Cedars-Sinai is demanding that Smith not only abstain from marijuana use for at least six months, forcing him to undergo random tests, but he is also required to participate in weekly substance abuse counseling over the same period. Although Smith was within two months of receiving a transplant before he was de-listed, he will be put at the bottom of the list even after satisfying the policy requirements.
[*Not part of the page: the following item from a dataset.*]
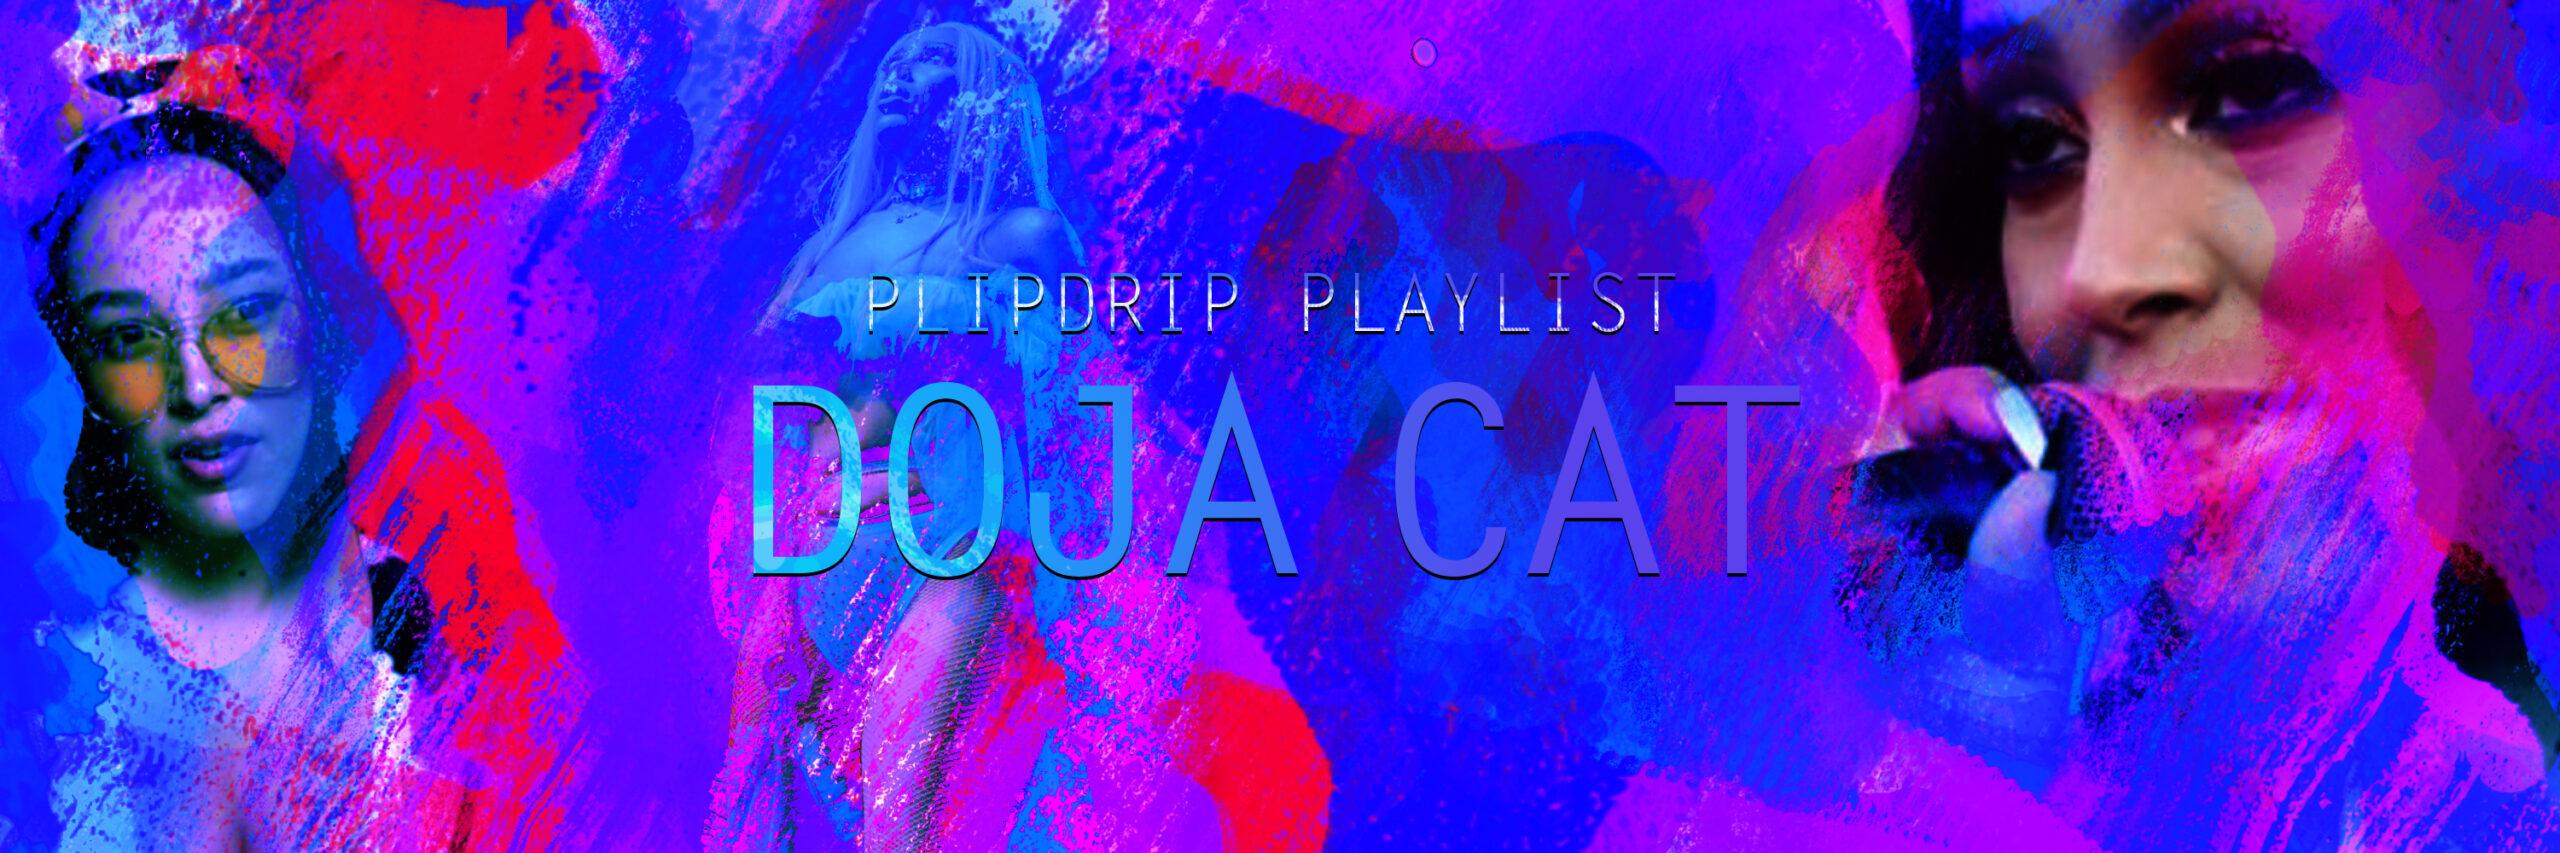 PF-doja-cat-banner-1

"ASA seeks to change this harmful and uncompassionate policy not only for Smith's benefit, but also for the benefit of numerous other medical marijuana patients who are being made to suffer unnecessarily as a result of political ideology," said Elford.
Smith not only has the support of his oncologist and other Cedars-Sinai staff, but also his psychologist, who wrote a strong letter of recommendation that Smith be approved for a liver transplant. Nonetheless, Dr. Steven D. Colquhoun, the director of Cedars-Sinai's Liver Transplant Program, referred to Smith's legal medical marijuana use as "substance abuse." In a letter sent to Smith in May, Dr. Colquhoun indicated that the liver transplant center "must consider issues of substance abuse seriously since it does often play a role in the evolution of diseases that may require transplantation, and may adversely impact a new organ after a transplant." Despite Dr. Colquhoun's assertions, an independent study has shown that cannabis use has no adverse impact on the survival rate of transplant recipients. (Americans for Safe Access, Nov. 17)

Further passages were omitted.